What the task requires: Repeat only the lines from the one that contains "Harley Shower Curtain" through the final line of the listing below, exactly, please, without pictures.

Given data:

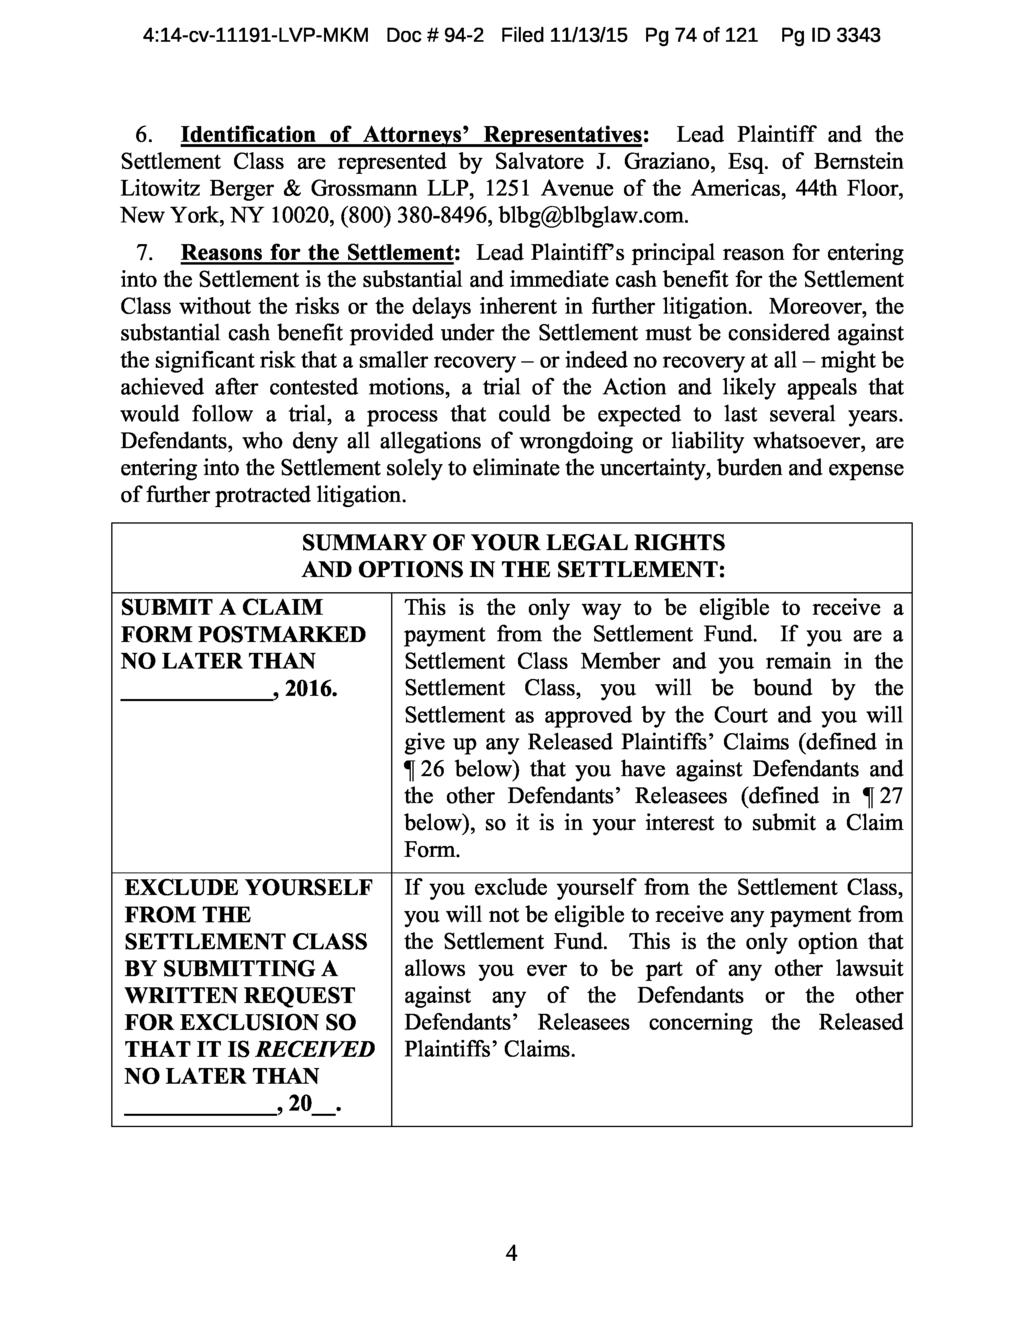 4:14-cv-11191-LVP-MKM Doc # 94-2 Filed 11/13/15 Pg 74 of 121 Pg ID 3343 6. Identification of Attorneys' Representatives: Lead Plaintiff and the Settlement Class are represented by Salvatore J.
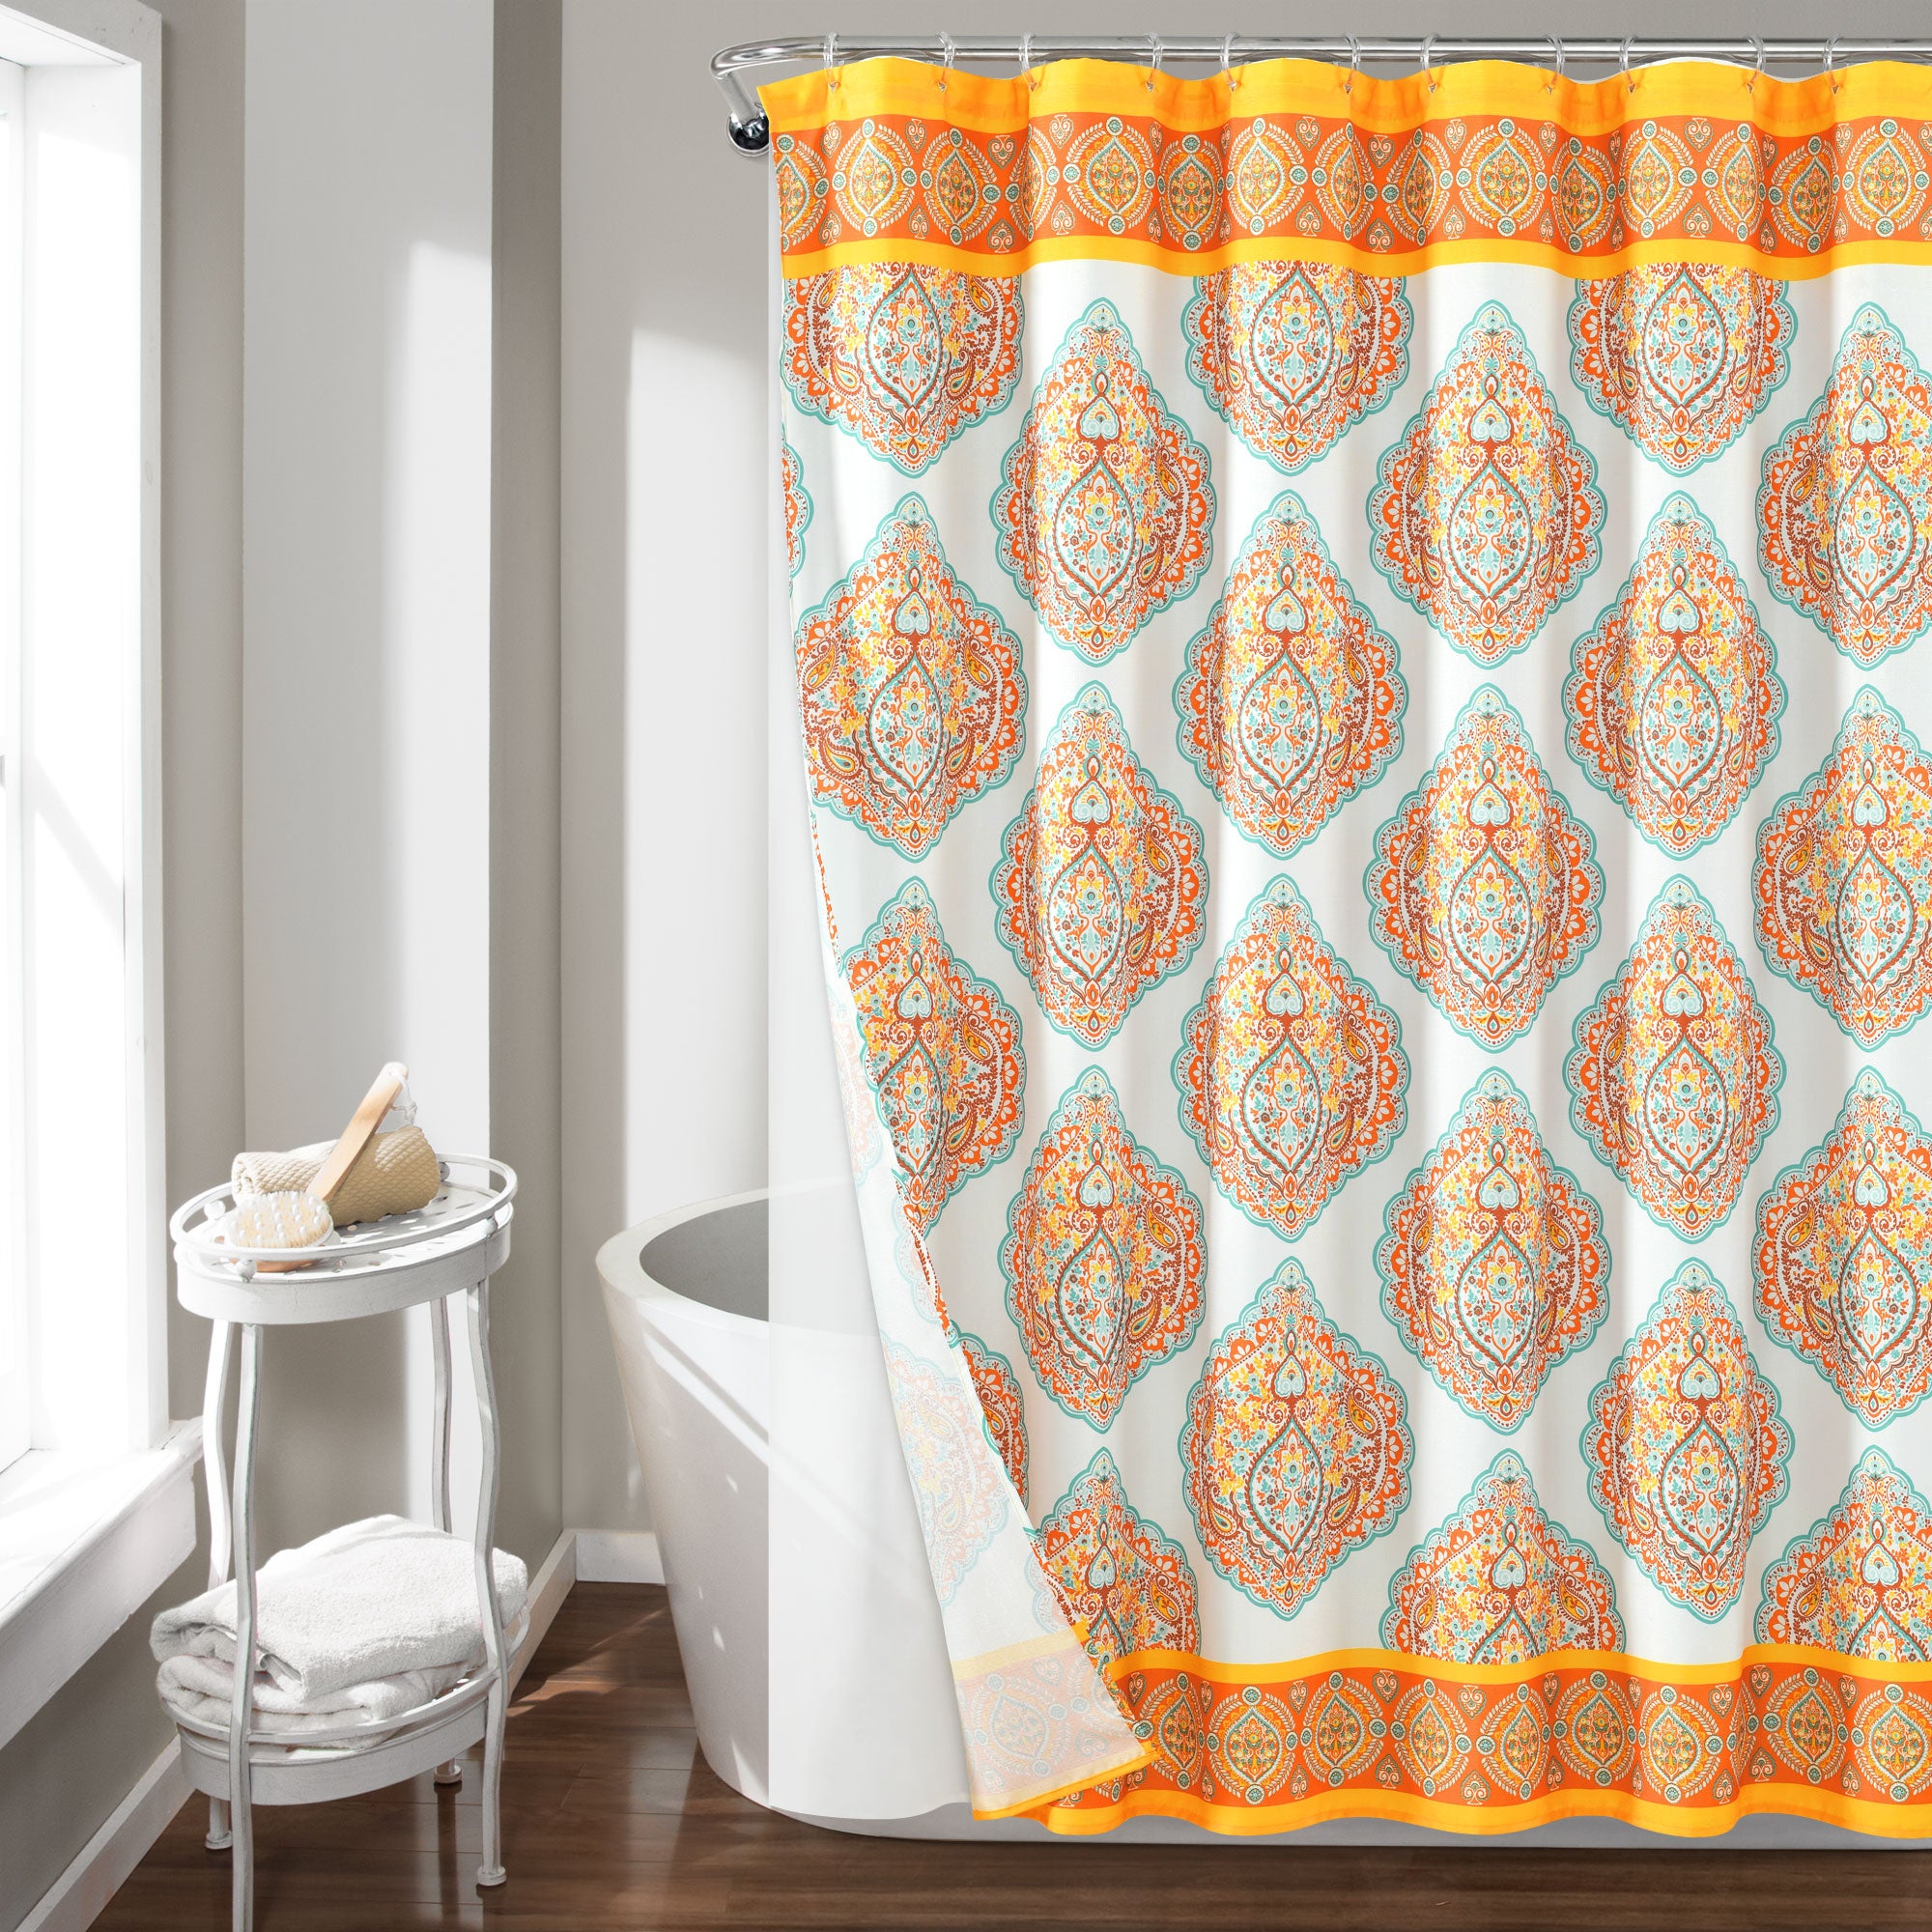 Harley Shower Curtain Orange with Peva Lining and Rings 14Pcs Complete Set
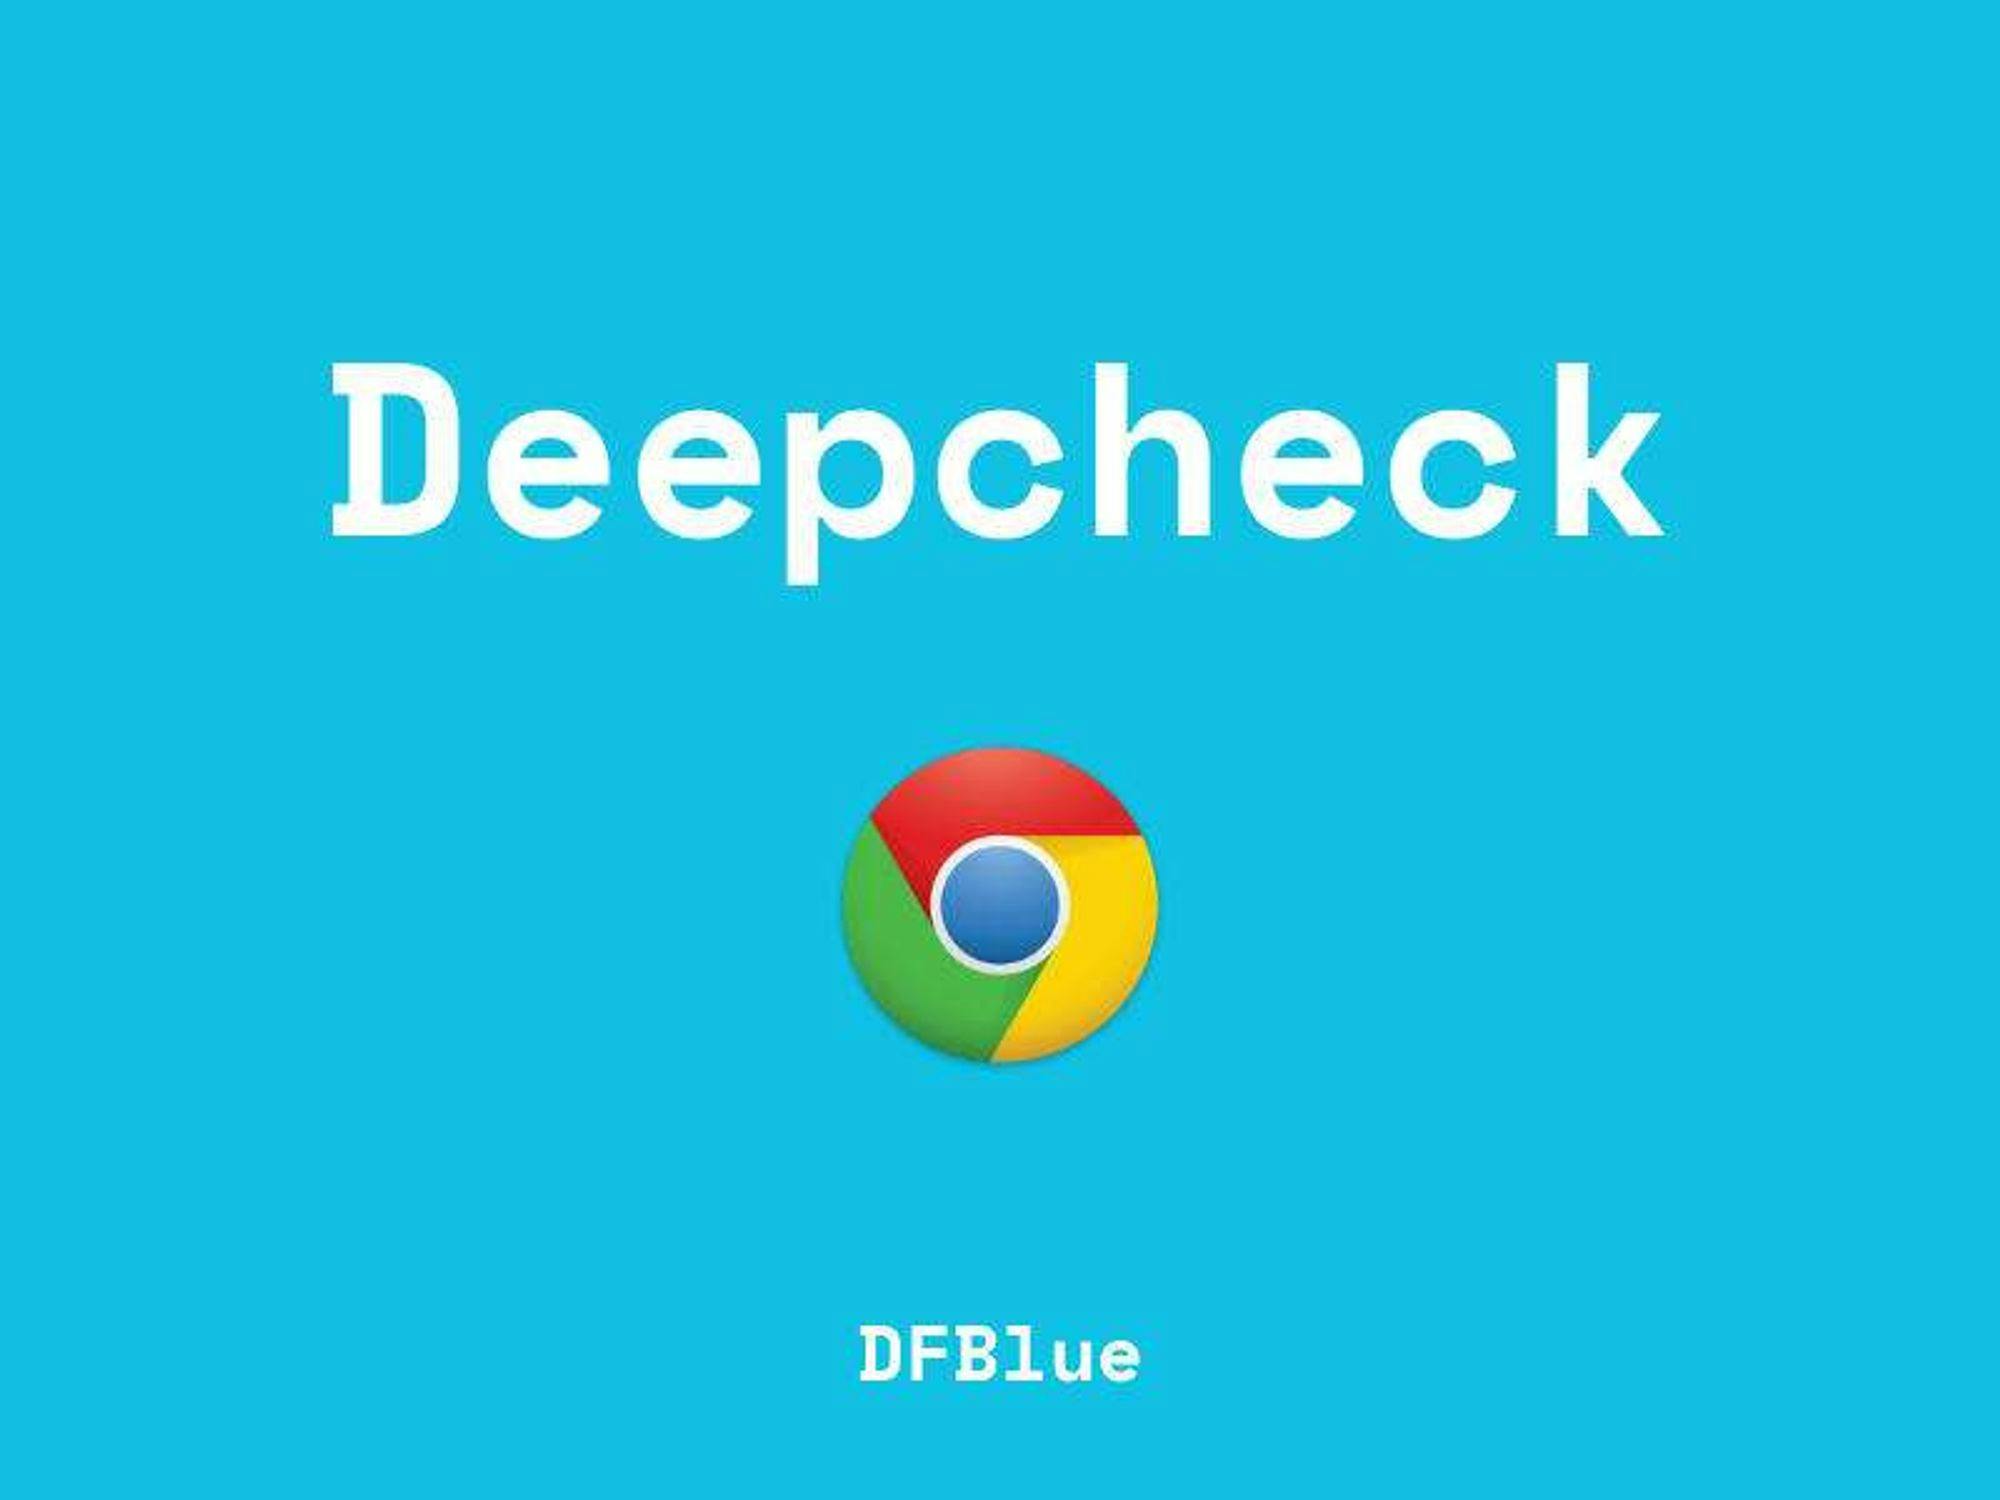 Launched Deepcheck — The internet's missing reputation checker

Solution:
 Harley Shower Curtain Orange with Peva Lining and Rings 14Pcs Complete Set
 Launched Deepcheck — The internet's missing reputation checker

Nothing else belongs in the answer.